## EXERCISE BRIEF:
Take the records below and set down exactly the lines from the one with "Hunter gatherer in Tanzania" to the one with "Space MOC-119084 Tarellian", ends included; do not copy the pictures.

## TASK INPUTS:
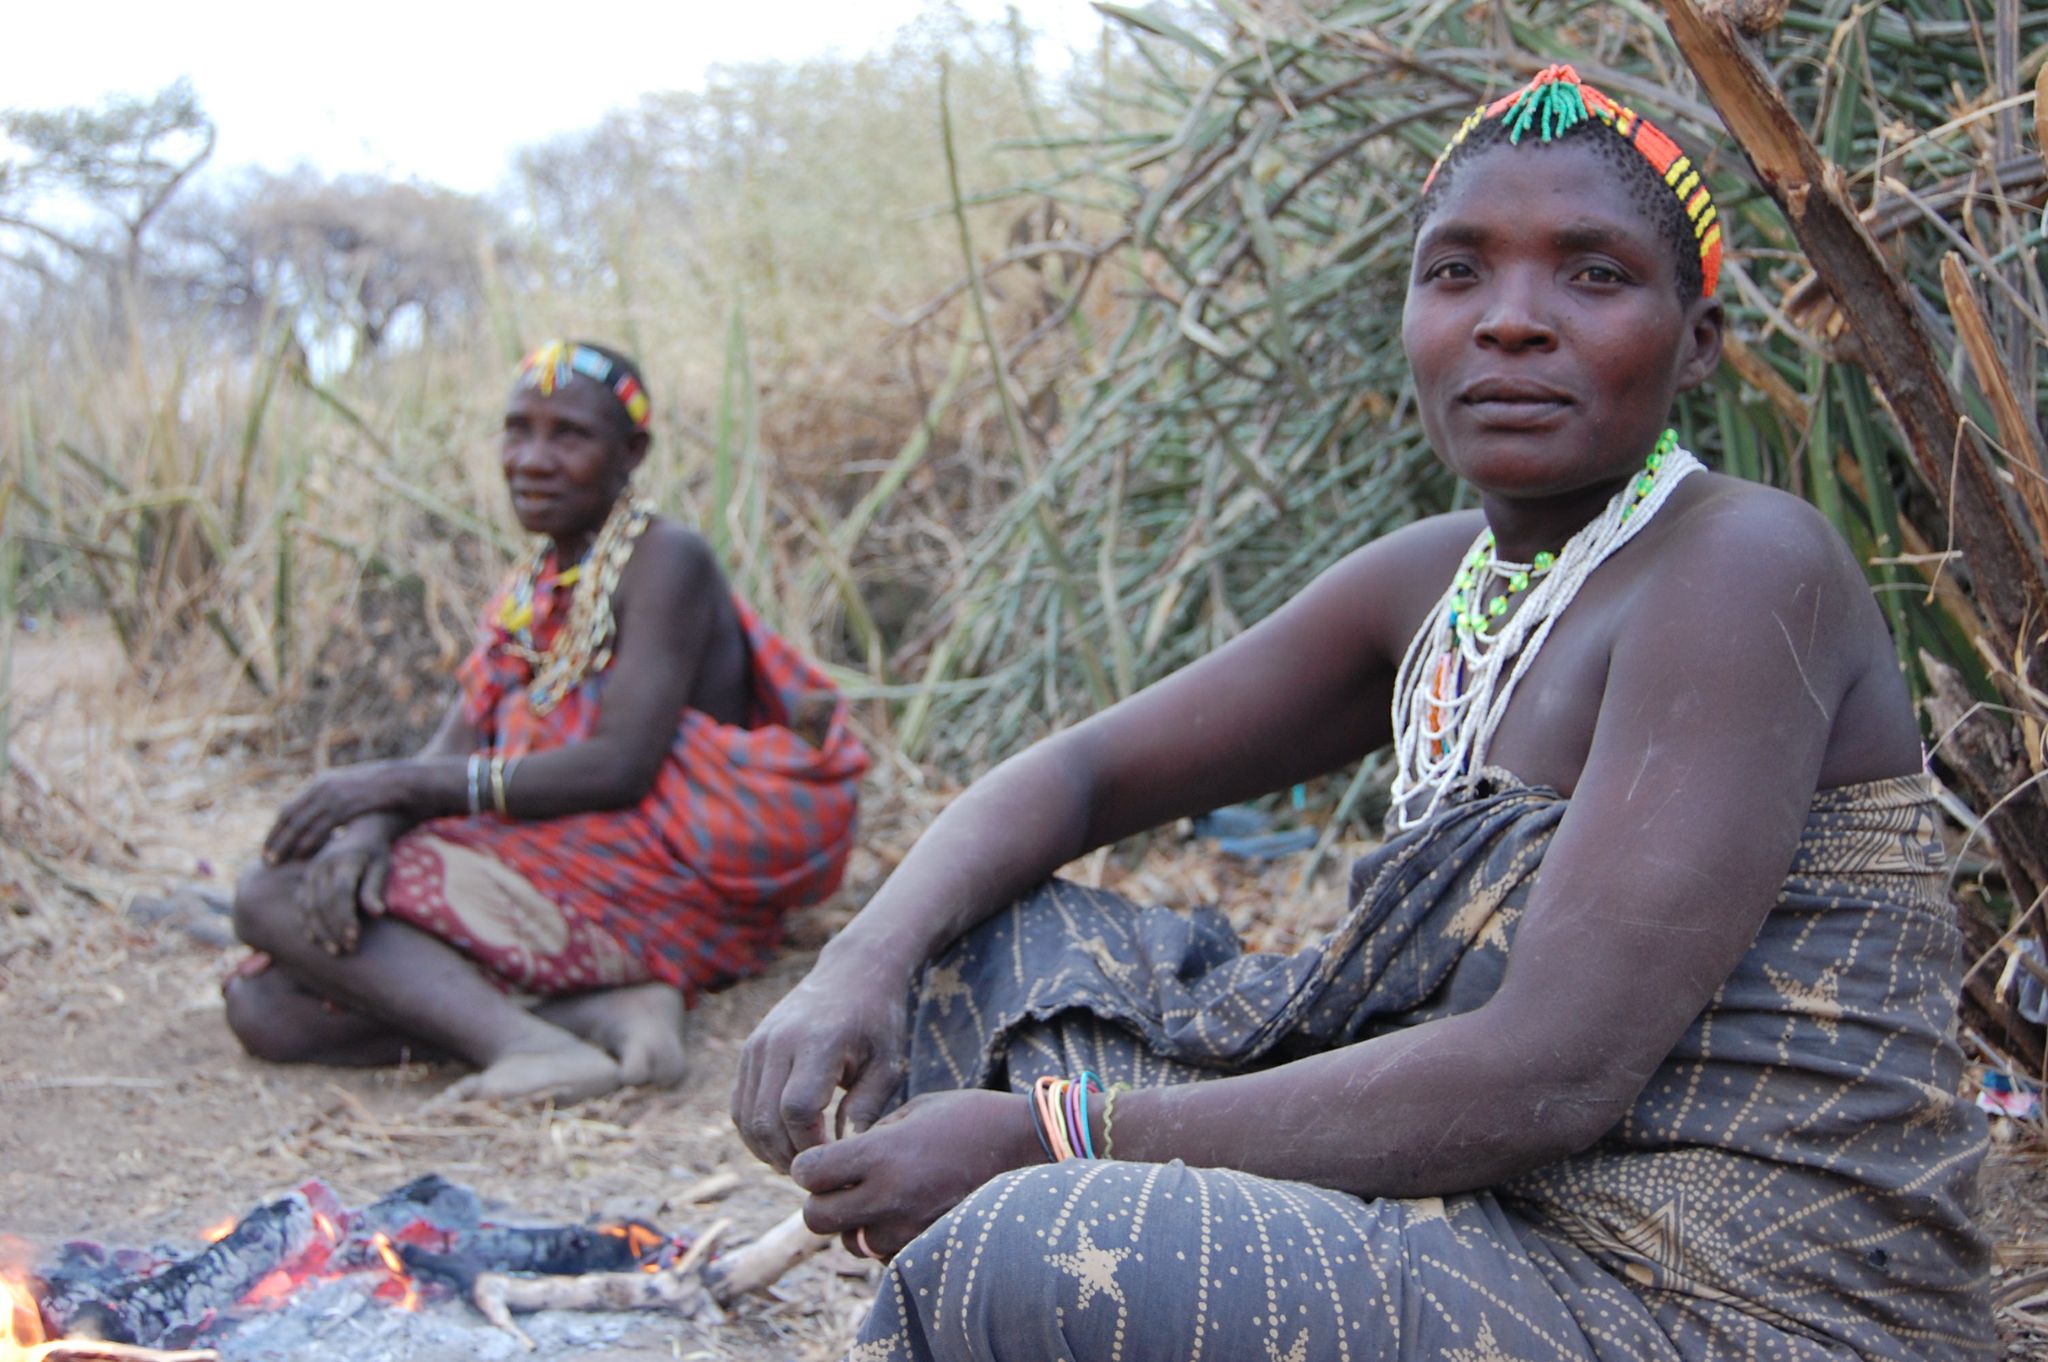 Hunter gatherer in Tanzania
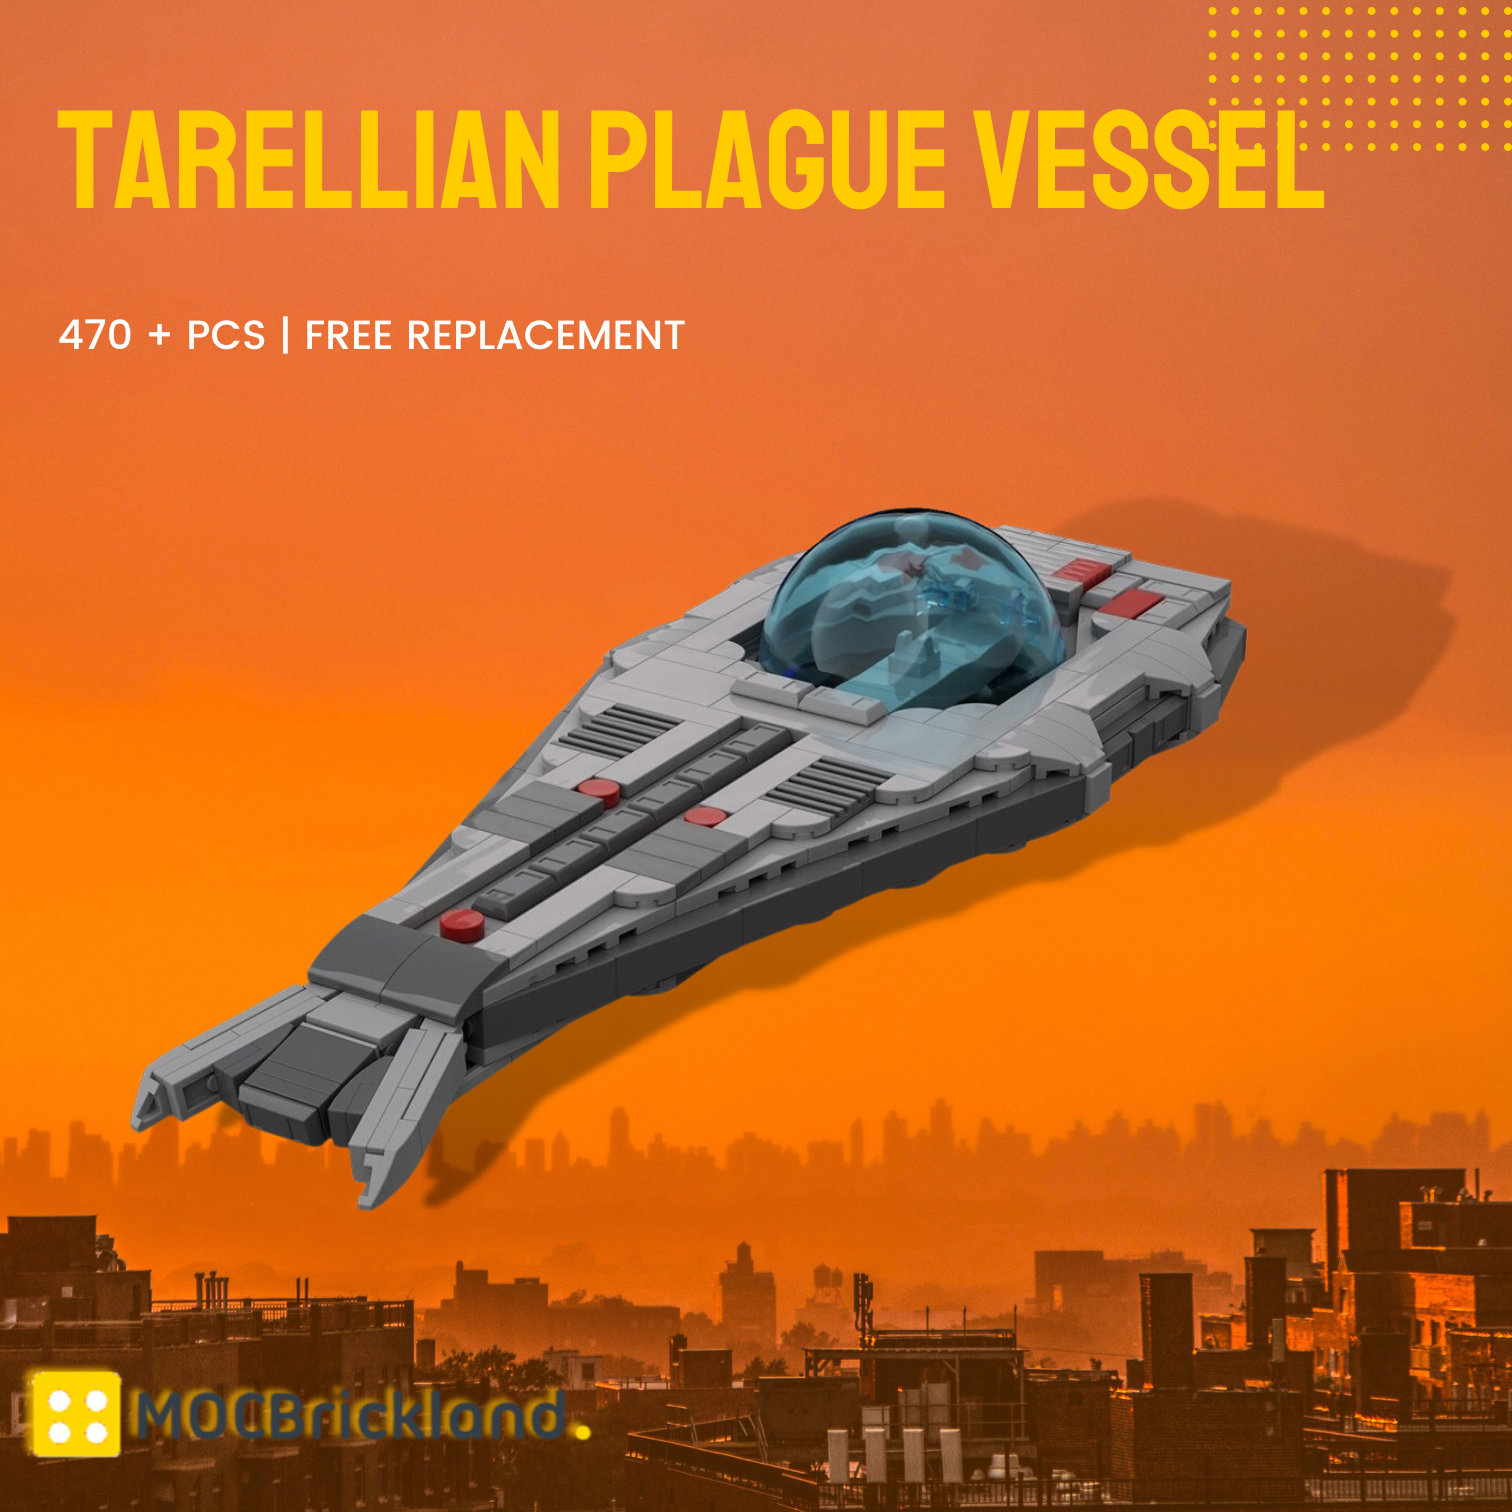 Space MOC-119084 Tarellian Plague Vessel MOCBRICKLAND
...
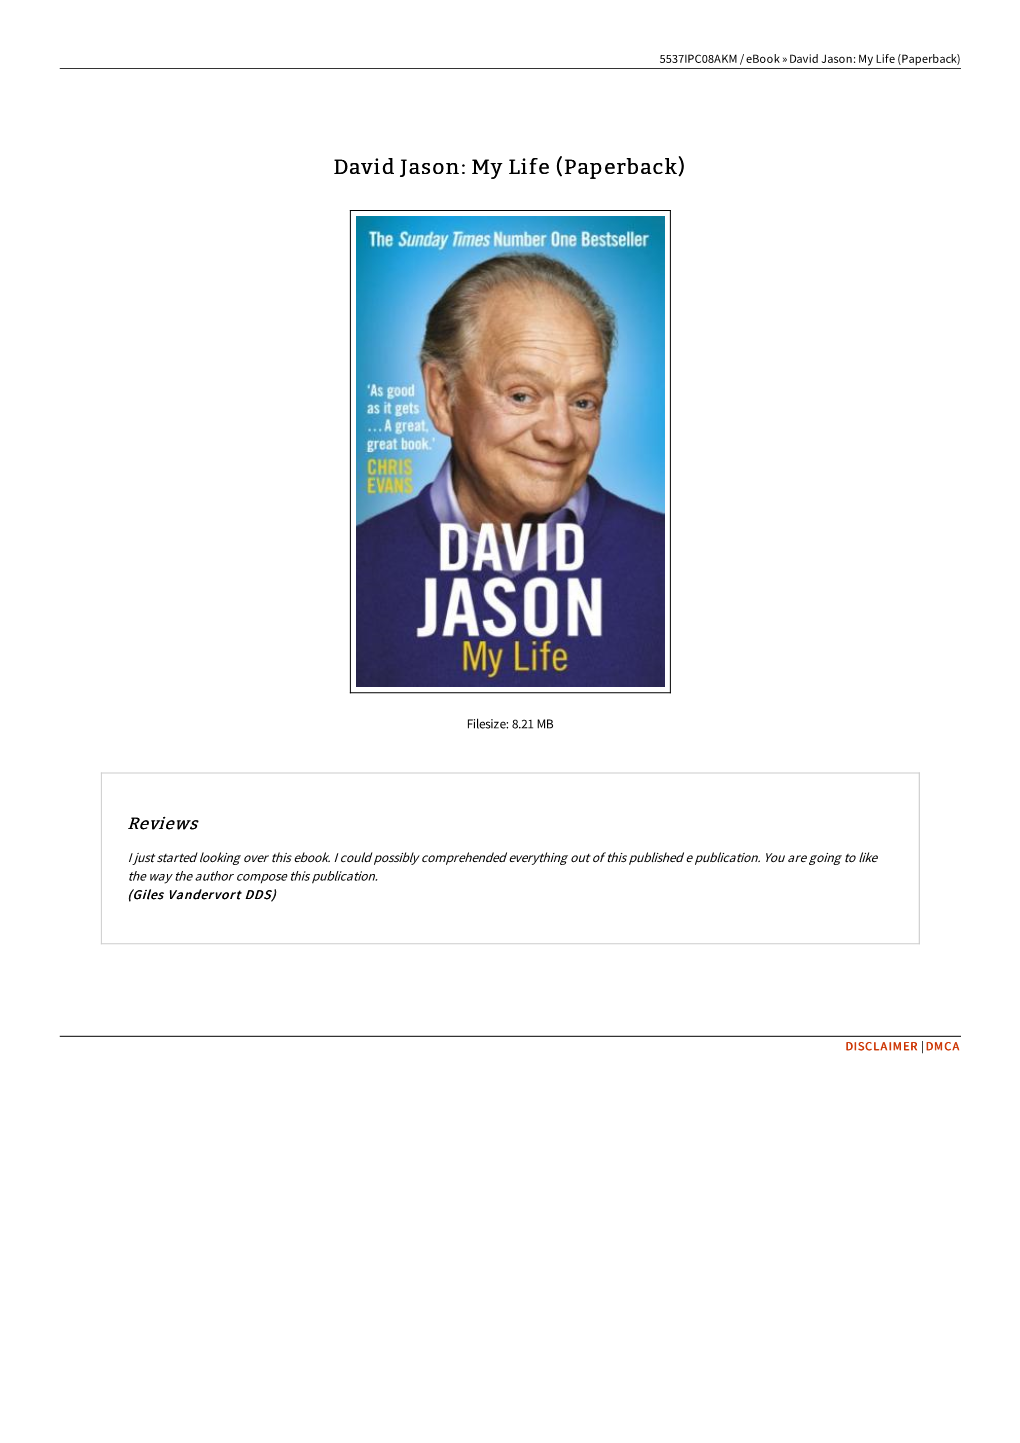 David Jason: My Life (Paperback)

## TASK RESPONSE:
 Hunter gatherer in Tanzania
 Space MOC-119084 Tarellian Plague Vessel MOCBRICKLAND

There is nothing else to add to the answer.